Observability Trinity

The obtainment of true observability relies upon 3 core pillars.

Figure 4. The 3 Pillars of Observability

Metrics

A metric is a value that expresses some information about a system. Metrics are usually represented as counts or measures, and are often aggregated or calculated over a period of time. Additionally, metrics are often structured as <name, value> pairs that provide useful behavioral details at both the micro-level and the macro-level such as the following:

Table 1. Example Metrics

Micro-level metrics	Macro-level metrics
Memory utilization per service	Average response time per service
CPU utilization per service	Throughput rate per service
Thread count	Failure rate per service
…	…

Figure 5. Micro-level and Macro-level Metrics

Logs

A log is an immutable, time-stamped text or binary record, either structured (recommended) or unstructured, potentially including metadata. The log record is generated by application code in response to an event (e.g., an error condition) which has occurred during program execution.

Example of a structured log record

[02-22 08:02:50.412] ERROR OnErrorContinueHandler [ [MuleRuntime].uber.18543: [client-id-enforcement-439118-order-api-spec-main].439118-client-id-enforcement.CPU_LITE @5b1b413e] [event: d46fe7b0-93b5-11ec-b9b6-02d407c48f42]:
Root Exception stack trace:
org.mule.runtime.api.el.ExpressionExecutionException: Script 'atributes.headers ' has errors:
...

Example of a unstructured log record

'hello world'

Traces

A single trace is an event which shows the activity for a transaction or request as it flows through an individual application. Whereas, a distributed trace is an aggregation of one or more single traces when the transaction spans across multiple application, network, security and environment boundaries. For example, a distributed trace may be initiated when someone presses a button to start an action on a website - such as purchasing a product. In this case, the distributed trace will represent calls made between all of the downstream services (e.g. Inventory, Logistics, Payment, etc.) that handled the chain of requests initiated by the initial button press.

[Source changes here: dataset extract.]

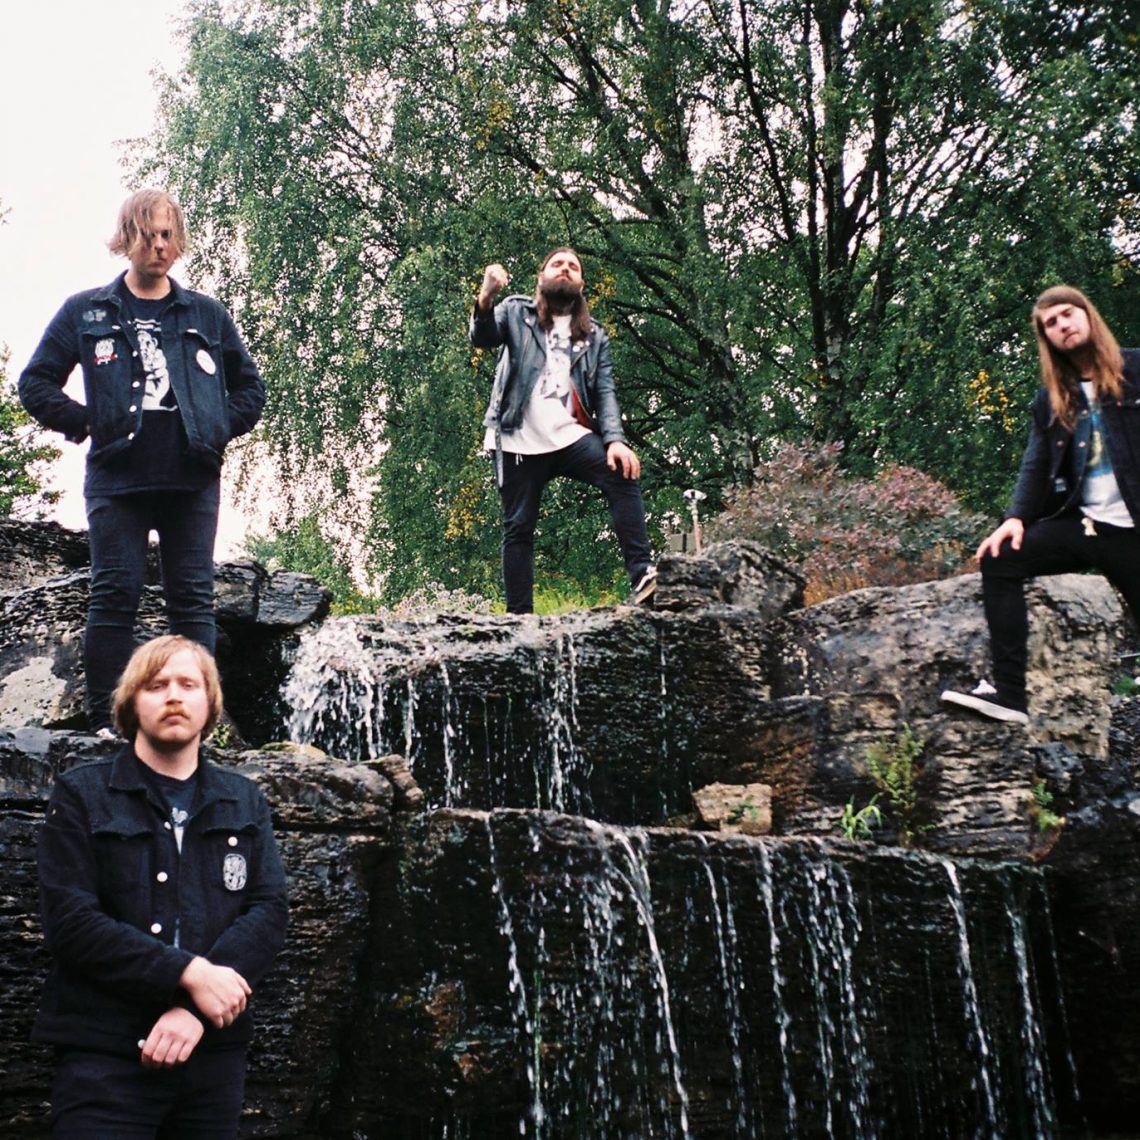 Oslo-punks Wet Dreams release brand new single Boogie ahead of their debut album

Distributed tracing is the methodology implemented by tracing tools to generate, follow, analyze and debug a distributed trace. Generation of a distributed trace is accomplished by tagging the transaction with a unique identifier and propagating that identifier through the chain of systems involved in the transaction. This process is also referred to as trace context propagation.

Traces are a critical part of observability, as they provide context for other telemetry. For example, traces can help define which metrics would be most valuable in a given situation, or which logs are relevant to a particular issue.

Figure 6. Example of a Distributed Trace

Why is observability important?

The notion of observability is very important to IT organizations because when a business transaction fails or performs poorly within their application network, the team needs the ability to quickly triage and remediate the root cause before there is any significant impact on revenue.

Many IT organizations have and continue to rely upon commercial Application Performance Monitoring (APM) tools (e.g., AppDynamics, Dynatrace, New Relic, CA APM, …) to help them in this regard. While useful, these commercial tools have struggled in the past to provide complete visibility into the overall distributed trace as they deploy vendor specific agents to collect and forward their telemetry.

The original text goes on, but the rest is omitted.